Spinosauridae familyasından olan (70-90 milyon yıl önce) Spinosaurus isimli Dinozor âlemini tamamen değiştiren, hem karada hem suda yaşayabilen özellikleri sayesinde çoğu Tyrannosaurus ve Crocodile familyasına çok baş belası olan bir türdür. 14-18 metre arası vücut uzunluğuna, tahmini 4-8 ton arası ağırlığa sahip olan, Tyrannosaurus türüne göre daha çevik ve zeki bir türdür.
Diğer Spinosauridaeler gibi, Spinosaurus da timsahınkine benzeyen uzun ve dar bir kafatasına ve gözlerine yakın burun deliklerine sahipti.
Dişleri, diğer Theropodlarda olduğu gibi kavisli ve bıçak gibi değil, düz ve konikti. Tüm bu özellikler balık avı için uyarlamalardır. Ek olarak, iskeletinin kemikleri, benzer karada yaşayan Theropodlarınkilerden daha kompakt ve daha yoğundu ve bu da su altında yüzme gücü üzerinde daha fazla kontrol sağlamasına izin verdi; bu özellik, bazı araştırmacıların Spinosaurus'un karasal olandan ziyade öncelikle suda yaşayan bir avcı olduğunu iddia etmelerine yol açmıştır.
Genellikle pusu tekniğiyle avlanan bu canlılar suyun altında kalma süreleri ve uzun çene yapısı sayesinde avlarının işini çok hızlı ve ani bir şekilde bitirmişlerdir. Bu yapıları ve avlanma teknikleri sayesinde çoğu Tyrannosaurus türü sürüngene taş çıkartır...
Bu kadar hızlı avlanmalarının ve çevik olmalarının bir diğer sebebi ise, midelerinin asidik ortamının diğer dinozorlara göre daha az PH değerine sahip olması nedeniyle hızlı öğütüm, hızlı sindirim ve emilim sistemi sayesindedir.
Mide bölgelerinde kısmen sindirilmiş balık pulları ve diğer dinozorların kemikleri bulunan başka Spinosauridaeler ve Pterosaurus kemiklerine gömülü Spinosauridae dişler bulunmuştur.
Sürüngenin sırtındaki yelken muhtemelen sıcaklık düzenlemesinden ziyade sosyal gösteriler veya türlerin tanınması içindi.

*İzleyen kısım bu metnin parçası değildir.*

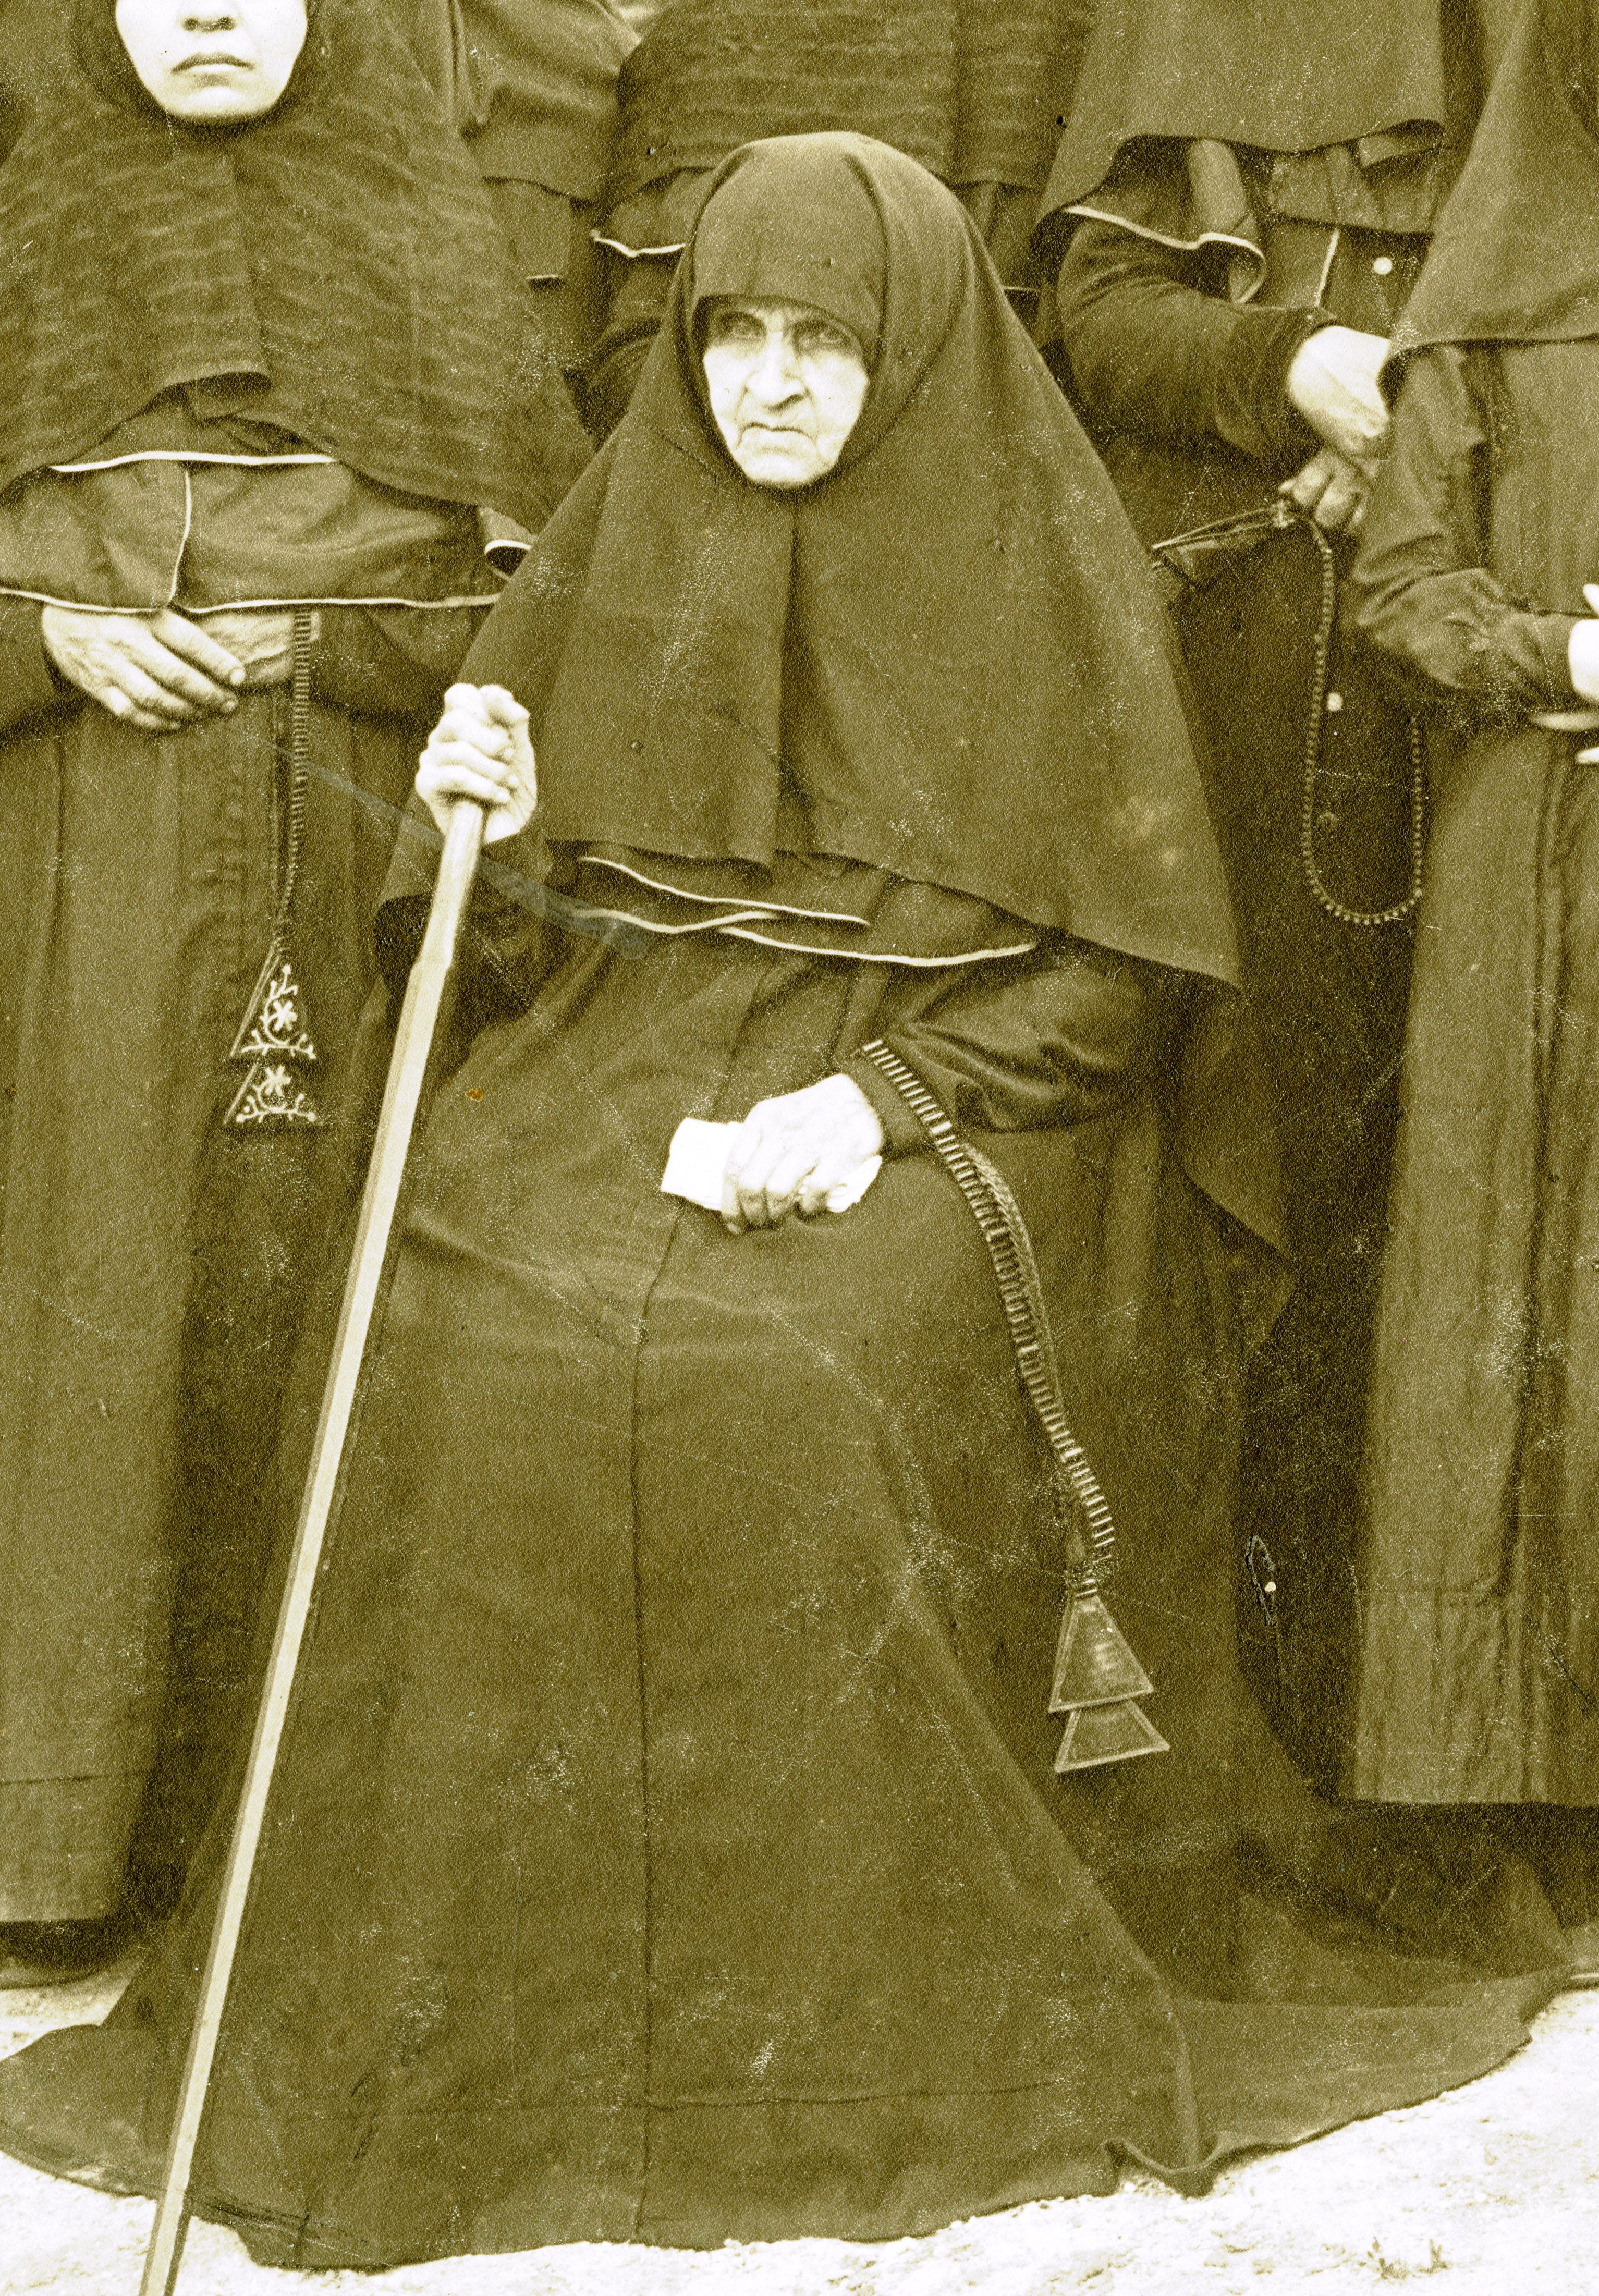 Инокиня Фелицата, строительница Введенского монастыря. Фото нач. ХХ в.

Bazı araştırmacılar, yelkenin aslında su ve lipitleri depolamak için kullanılan bir kambur olduğunu iddia ediyor.
Tabi bunlar sadece bir teori…
Hâlâ Spinosauruslar hakkında yeterli bilgiye sahip olmadığımızın apaçık ortada olması, Spinosaurus hakkında daha fazla bilimsel araştırma ve arkeolojik kazı araştırmalarına neden olmalı…
Birçok bulgu 1944 yılında İngiliz Hava Kuvvetlerinin İkinci Dünya Savaşı’nda Fas ve Mısır’ı bombalaması üzerine çoğu fosil ve kalıntılarının neredeyse tamamının kaybolduğunu gösterse de bazı istisnalar var; Spinosaurus yelken kalıntıları ve birkaç adet diş...
Bu kalıntılar kazılara motivasyon olmuş olsa gerek ki çoğu bölgede halen kazılar devam ediyor ve daha birçok Spinosaurus kalıntısı bulunmayı bekliyor gibi görünüyor.